In the age of GDPR and CCPA, there seems to be more conjecture about compliance and personal privacy than there is about the weather. It’s understandable, as predicting the conditions outside seems a lot easier than devising and implementing an effective data protection strategy.
With headlines about data breaches being far too frequent and substantial fines for non-compliance becoming a growing reality, pleading naivety to the issues and impacts is neither sympathetic nor sufficient for organizations of any size or type. The good news is there are a number of tools and solutions available that can automatically detect risks and protect personal data while reducing exposure to legal and financial risks.

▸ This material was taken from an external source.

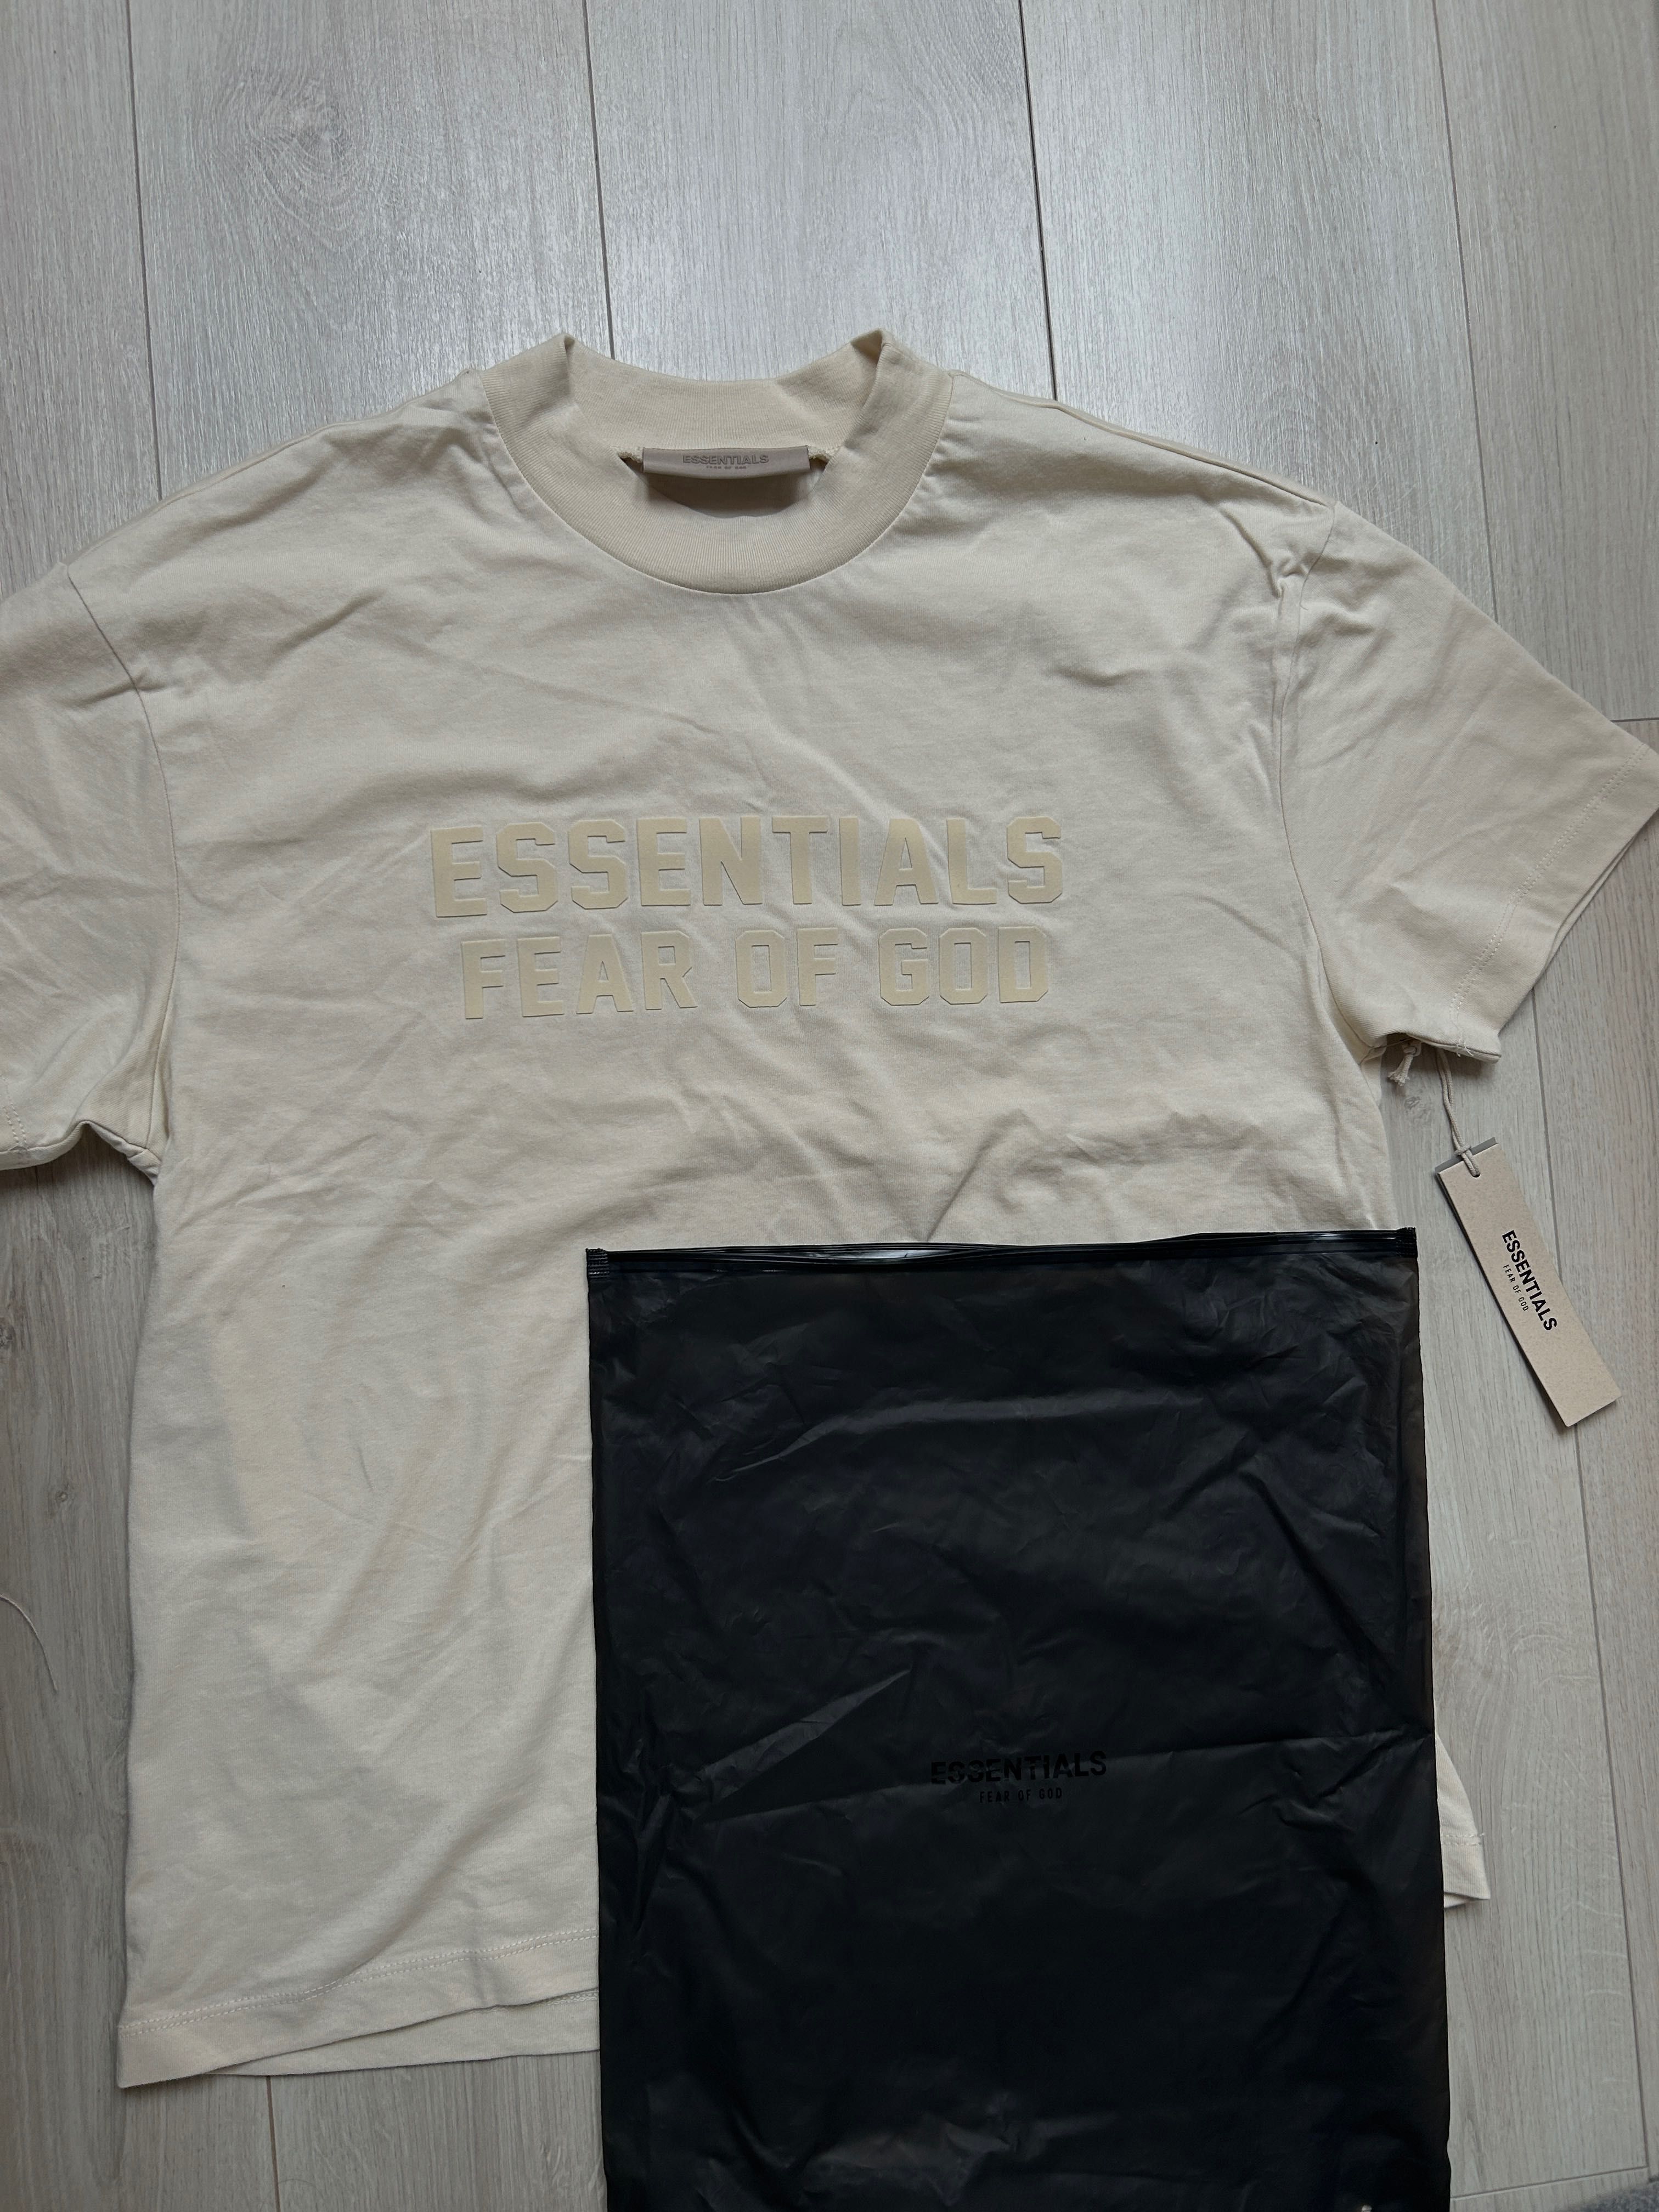 Essentials tshirt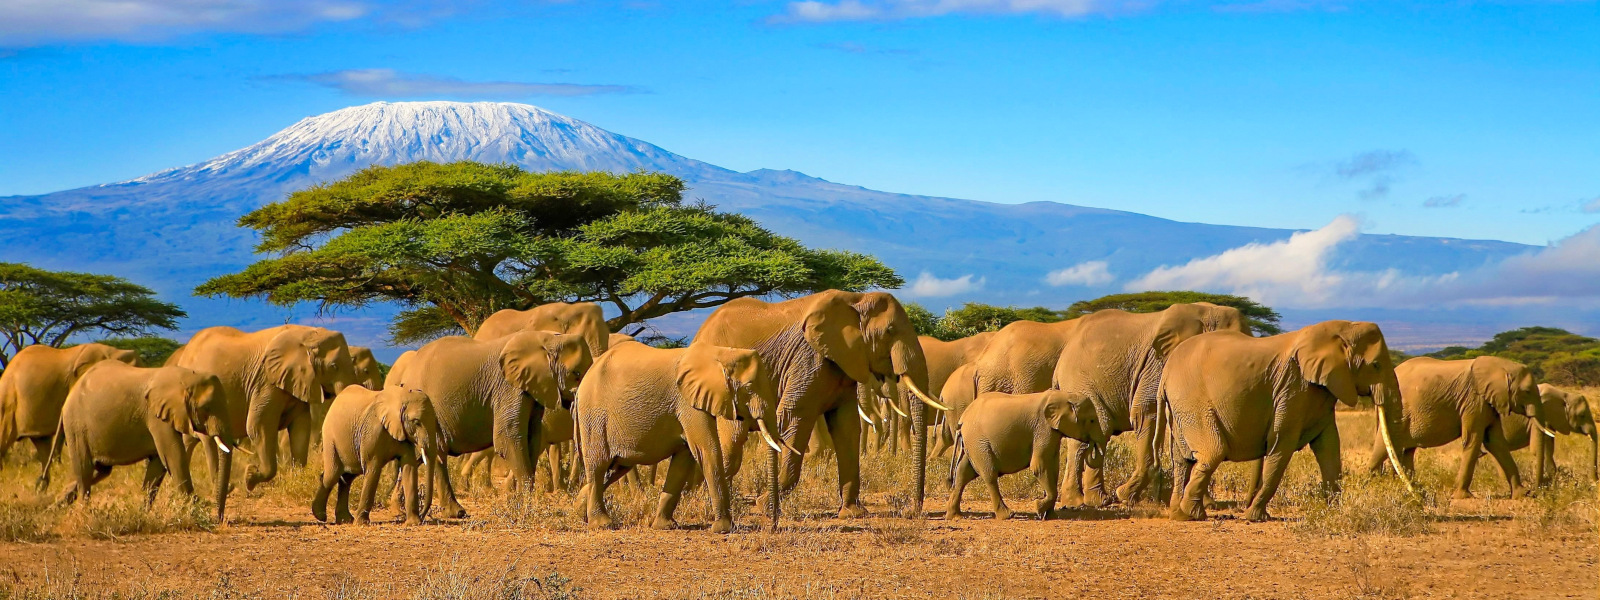 Mount Kilimajaro National Park

Begin With People, Not Technology
But before jumping into any technology solutions, it’s imperative to start with an understanding of how it will impact all organizational stakeholders. Start by circling the wagons and enlisting the cooperation and insights of your business leaders as well as legal and compliance teams. Too often, chief information security officers (CISOs) face growing compliance challenges due to a lack of cohesive efforts across their companies. Resistance from employees is a tough hurdle to clear, especially if they believe that complying with new security policies will make their jobs more difficult.
C-level buy-in is a prerequisite to successful policy implementation. Unless these important influencers see and feel the element of risk, it’s going to be difficult to implement any sort of program. Consider a two-phase approach as a best-practices tactic. Start by identifying the lowest-hanging fruit and implement something that is relatively easy for everybody in the organization to leverage and get behind.
Making changes where they are easiest to leverage is a good way to build confidence and momentum. Even if this reduces only 15% of your risk, you’re on the road—so stay focused on achieving steady, incremental progress. At times, the process can be daunting, at least at first, but don’t be sidetracked by analysis paralysis. Instead, continue holding meetings on what will be implemented next and move forward.